Os comandos possuem maior força vinculante, são obrigatórios. Já os conselhos
são um modo mais brando de influenciar o comportamento alheio. Hobbes aduz alguns
argumentos para distinguir comandos de conselhos. Bobbio considera que os mais
relevantes são: a) em relação ao seu conteúdo: o comando se impõe pela vontade que o
emite (é a expressão de uma vontade superior- a vontade está acima da razão); os
conselhos conseguem determinar a ação de outrem em razão do seu conteúdo (isto é,
segundo sua maior ou menor racionalidade); b) quanto ao comportamento do
destinatário: o comando é obrigatório; o conselho é facultativo; c) em relação às
conseqüências: se da execução de um comando deriva um mal, a responsabilidade é de
quem o comanda; se deriva de um conselho, a responsabilidade é do aconselhado.

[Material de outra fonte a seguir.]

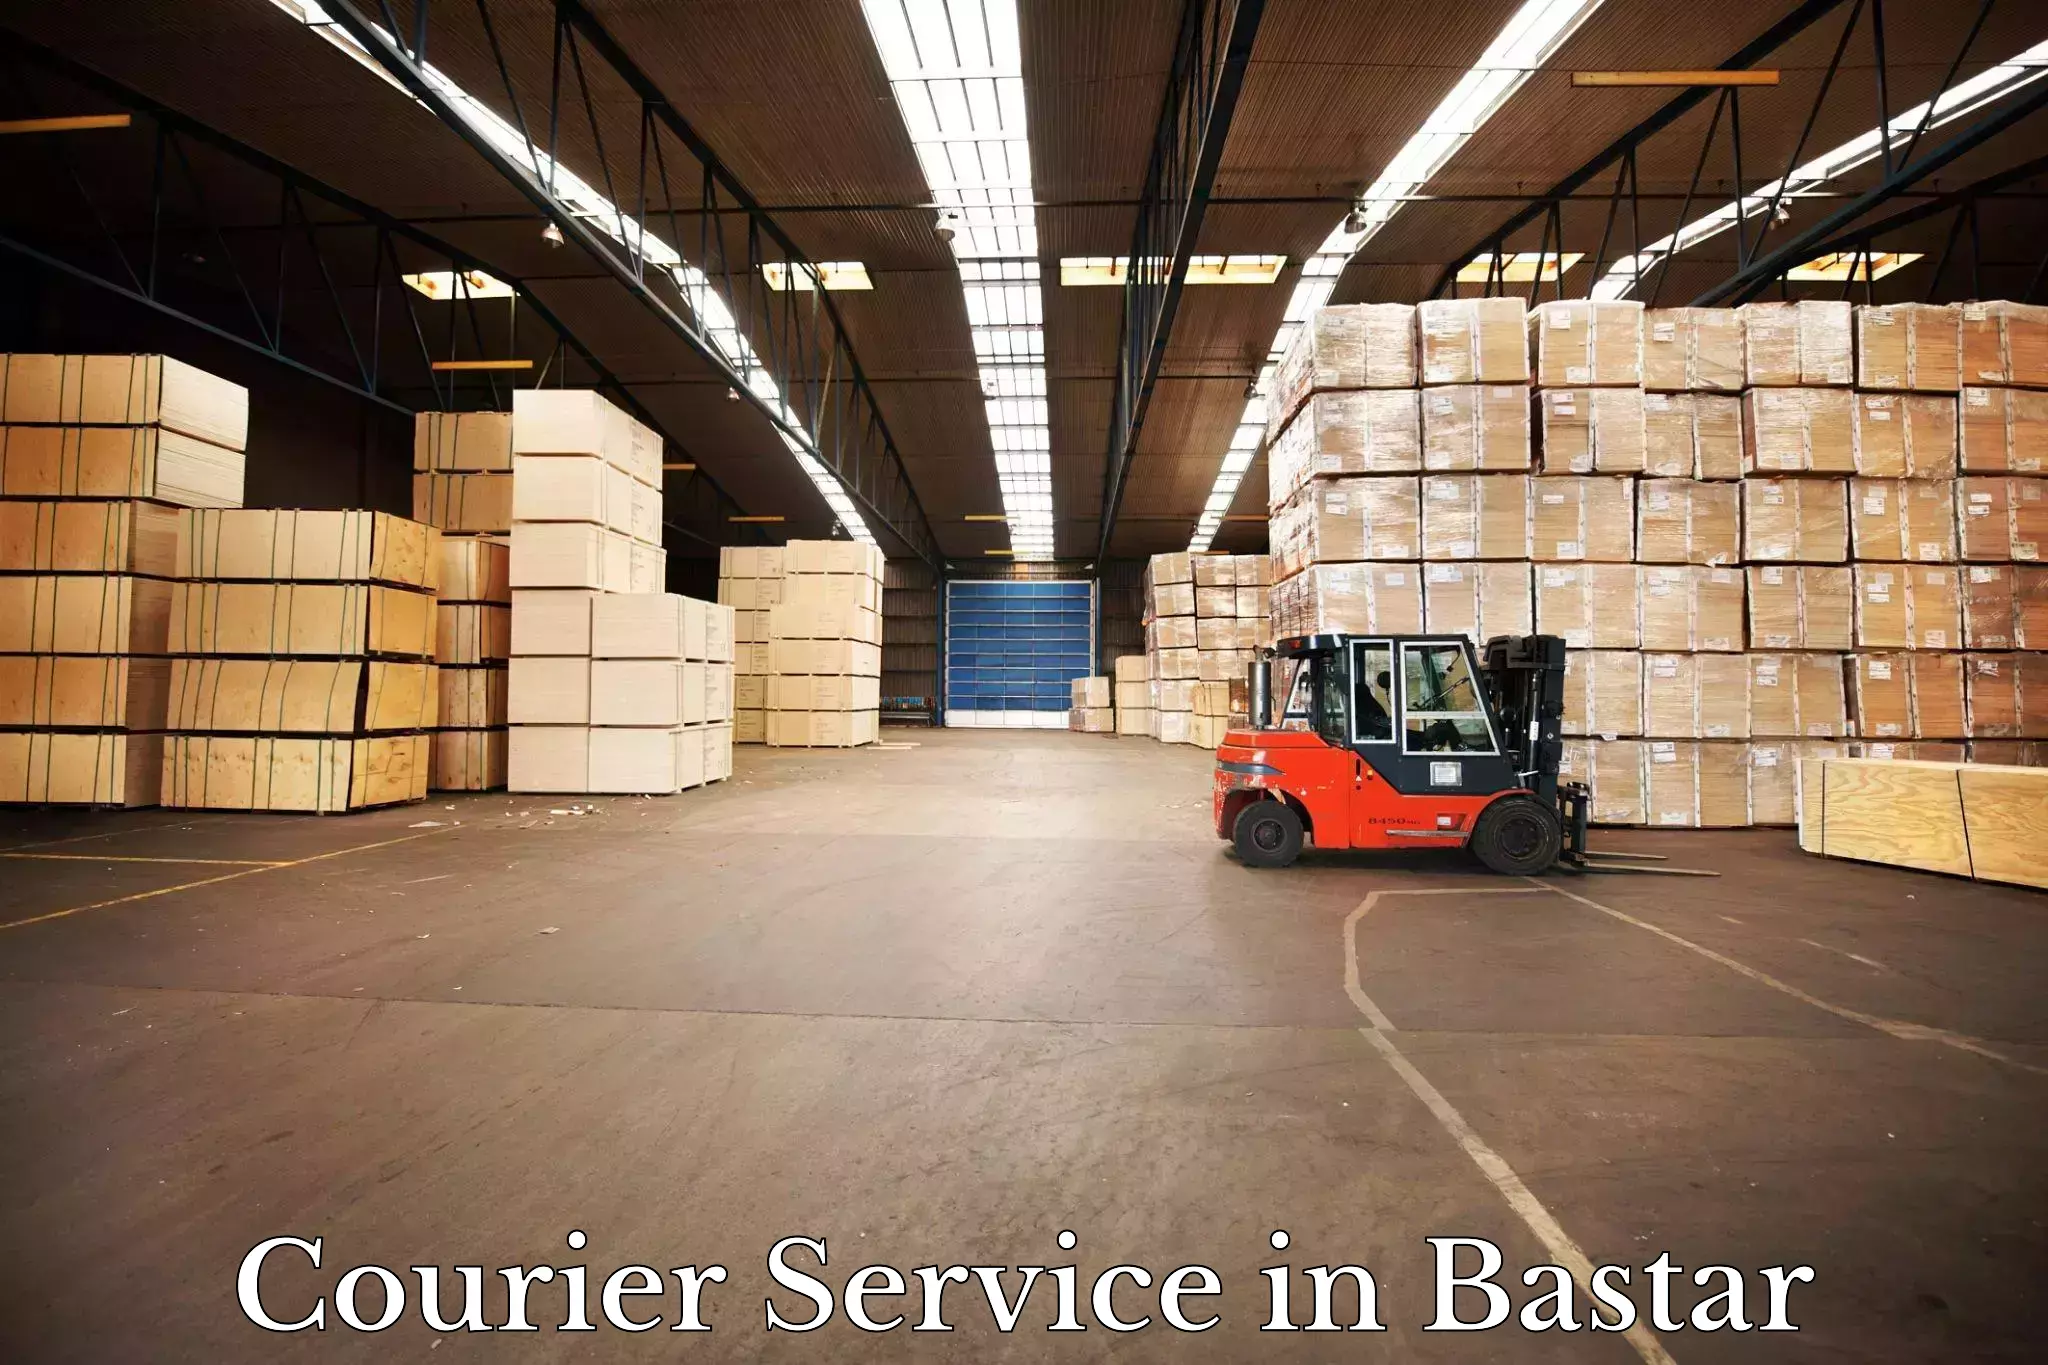 Supply chain efficiency in Bastar

Os conselhos no Direito- nem todas as prescrições do ordenamento jurídico são
comandos. Exemplo disso são os órgãos consultivos, que têm a função de dar
conselhos. Os órgãos consultivos são titulares de uma autoridade menor ou secundária
em relação aos órgãos com função imperativa. Exemplo disso é que na monarquia
absoluta os parlamentos eram apenas órgãos consultivos, passando a ter função
legislativa somente na monarquia constitucional. Exortação é um conselho distorcido,
no dizer de Hobbes.Enquanto o conselho é dirigido ao interesse do aconselhado e
pressupõe um indivíduo que raciocina, a exortação é expressa no interesse do exortador
e pressupõe uma multidão passiva. No conselho tende-se a modificar comportamento
alheio expondo fatos e razões; na exortação tende-se a conseguir o mesmo efeito
suscitando sentimentos. Segundo Bobbio, ao contrário dos conselhos, as exortações não
possuem relevância jurídica.
Por fim, instâncias são proposições com uma ainda menor força vinculante, com
as quais pretendemos fazer com que alguém faça alguma coisa em nosso favor, porém,
sem vinculá-lo. É da mesma espécie das rezas, suplicações,pedidos. A instância é
expressa no interesse da pessoa que a requisita. No conselho, o que se sobressai em
relação ao comando, é a ausência da obrigação de segui-lo; na instância o que sobressai
em comparação ao comando é a ausência do direito de obter o que se pede.